## WORK REQUEST
Every line of the material below needs to be copied exactly; omit the pictures.

## RECORDED INFORMATION
⁂
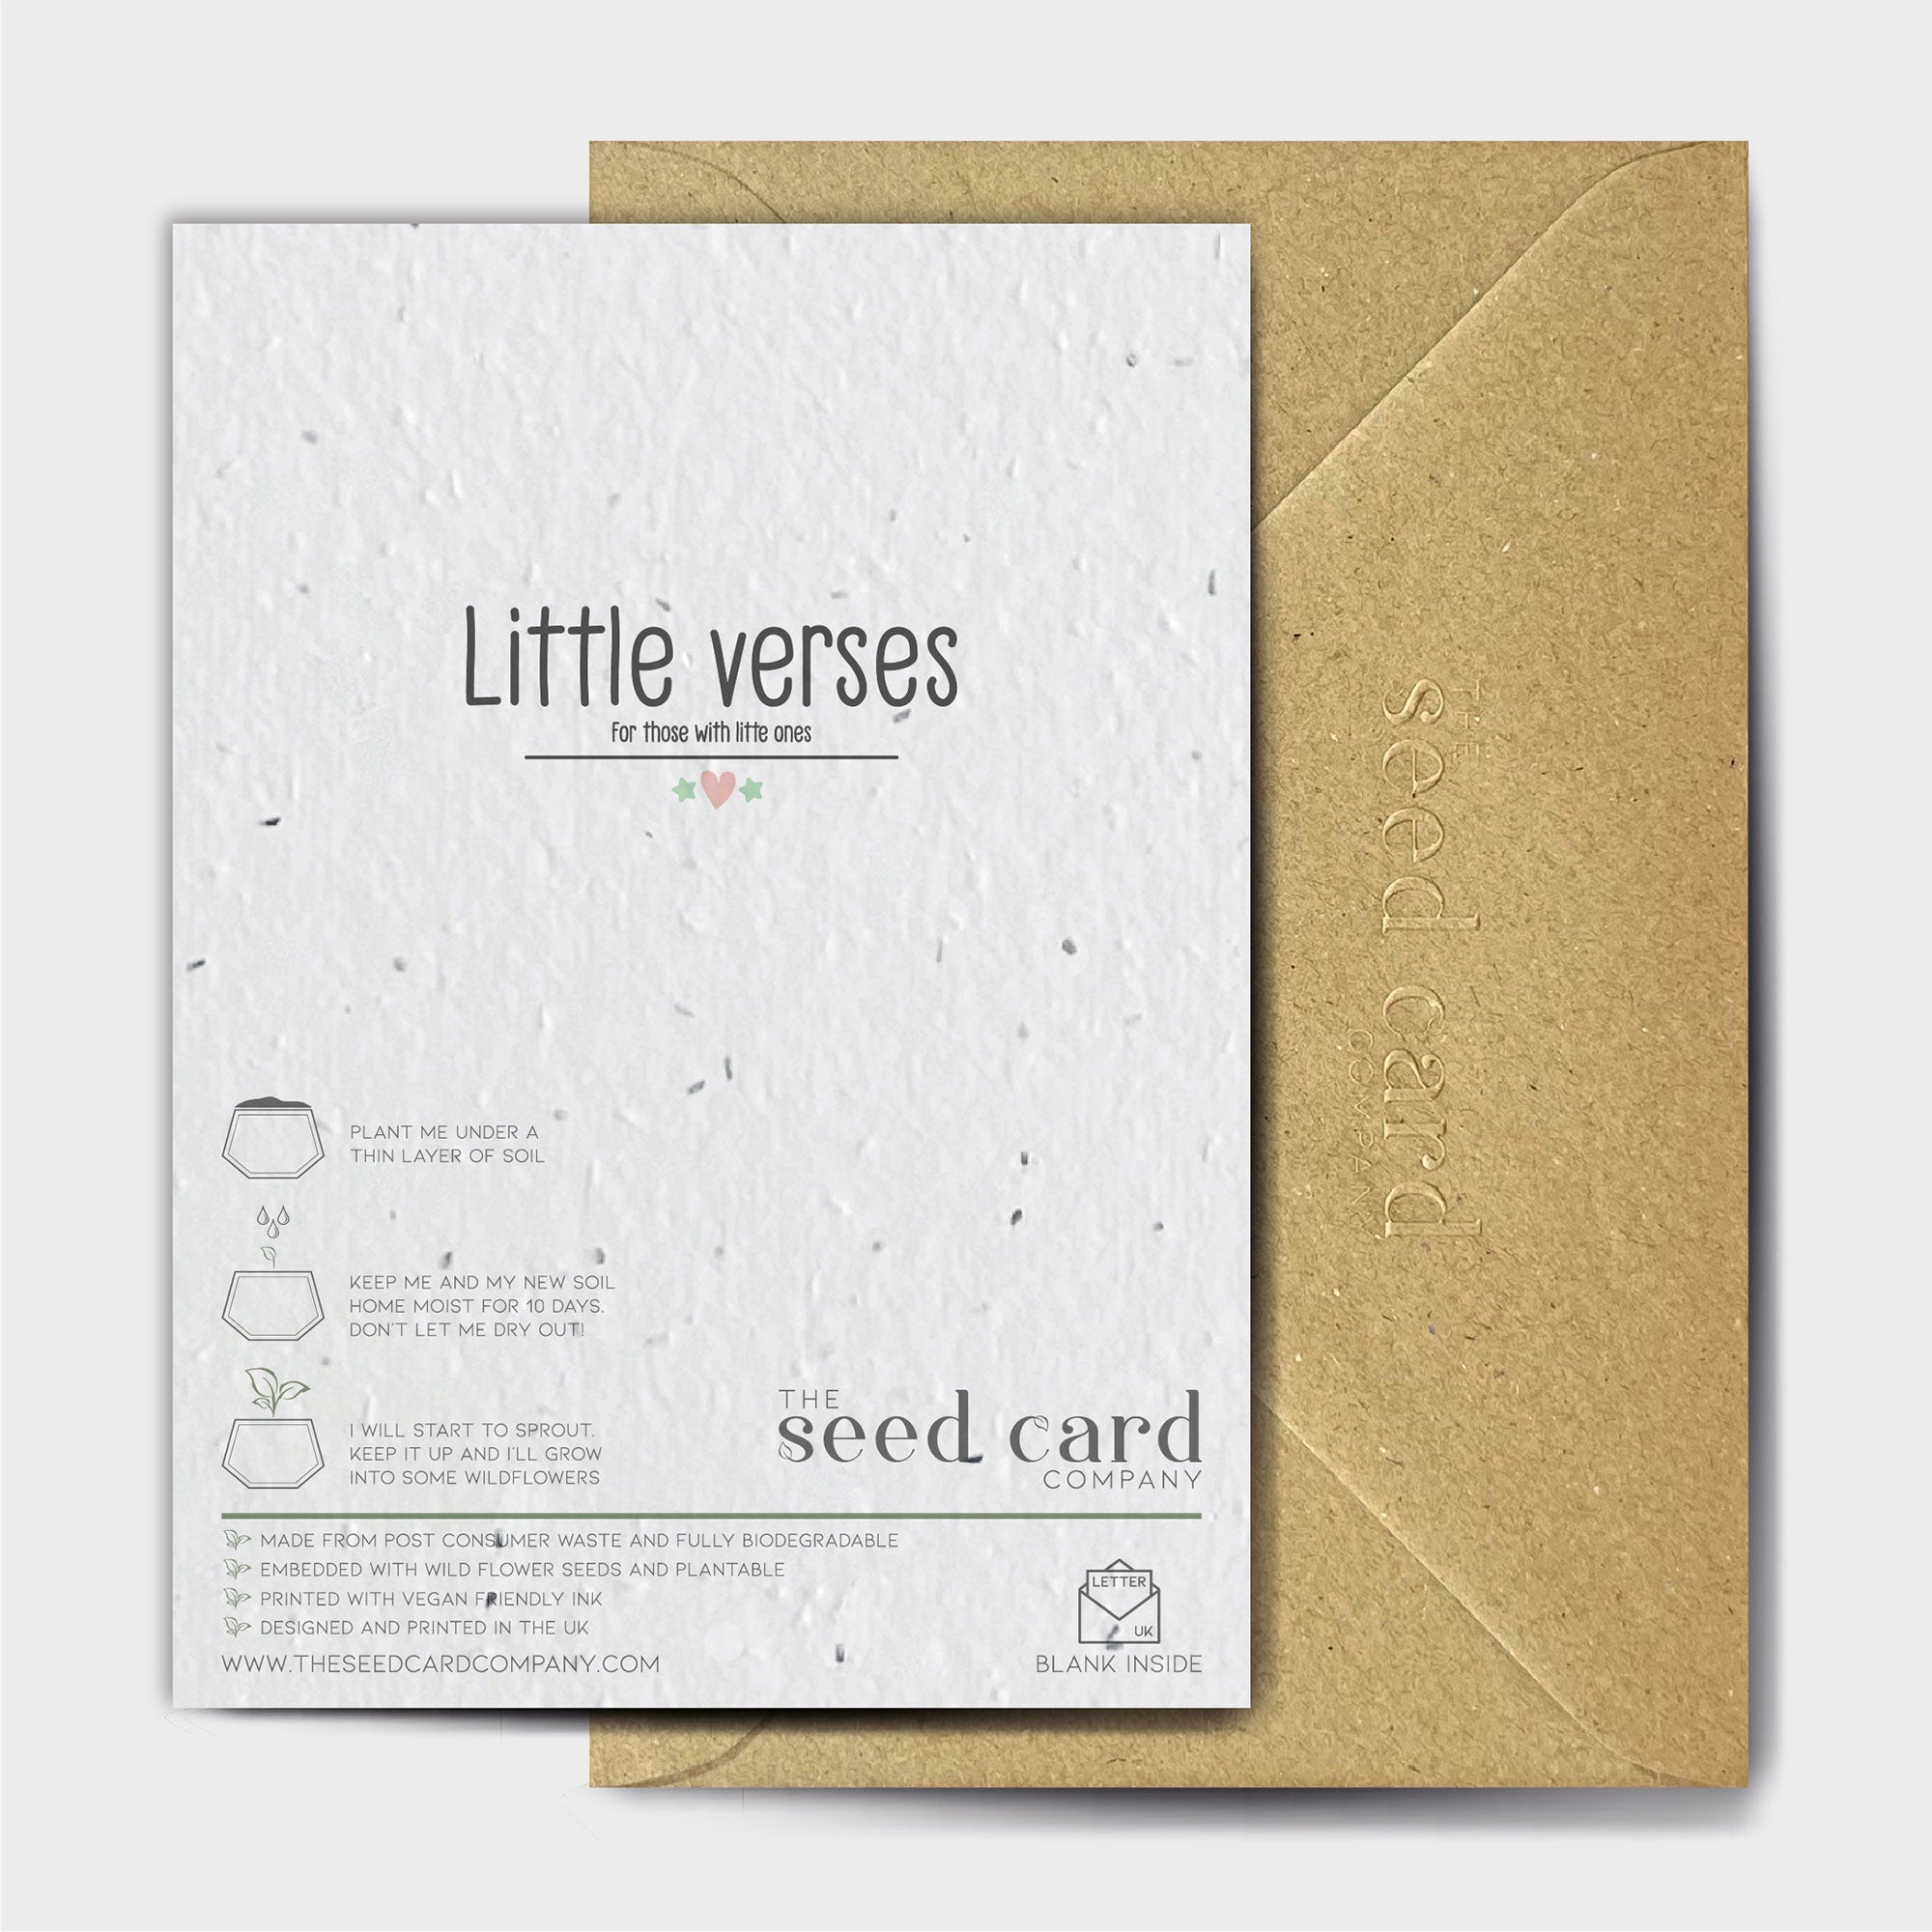 Shop online Apples and Pears - 100% biodegradable seed-embedded cards Shop -The Seed Card Company
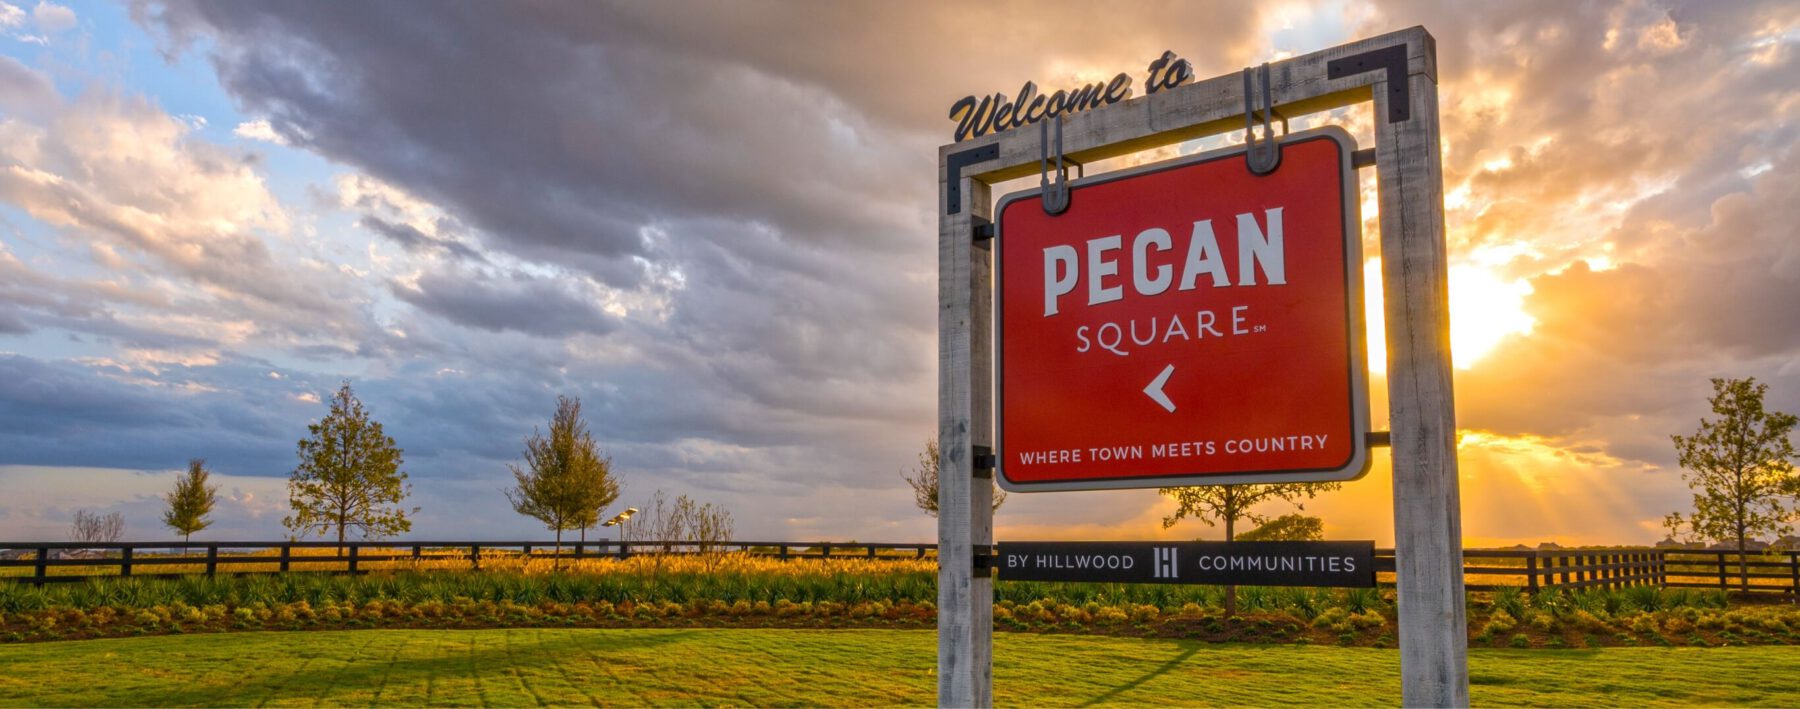 The sign at the entrance to Pecan Square
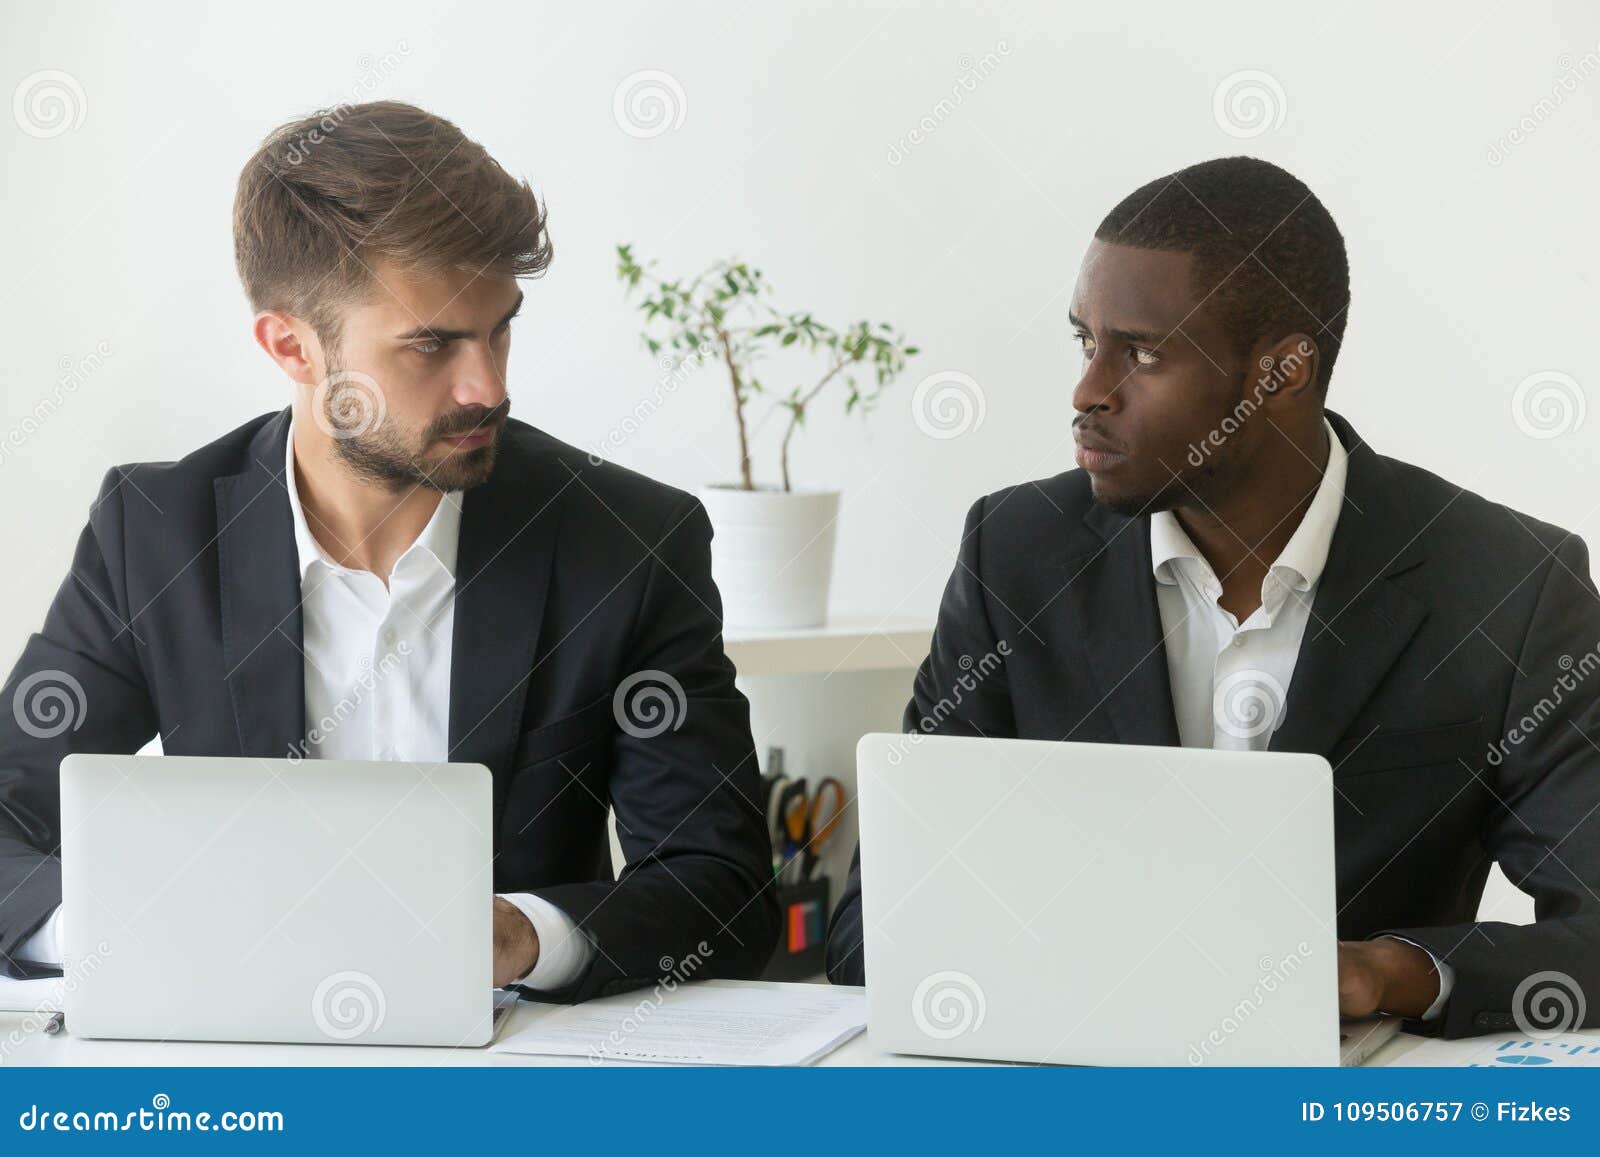 multiracial office rivals looking at each other, rivalry at work
⁂
## OUTPUT OF THE EXERCISE
 Shop online Apples and Pears - 100% biodegradable seed-embedded cards Shop -The Seed Card Company
 The sign at the entrance to Pecan Square
 multiracial office rivals looking at each other, rivalry at work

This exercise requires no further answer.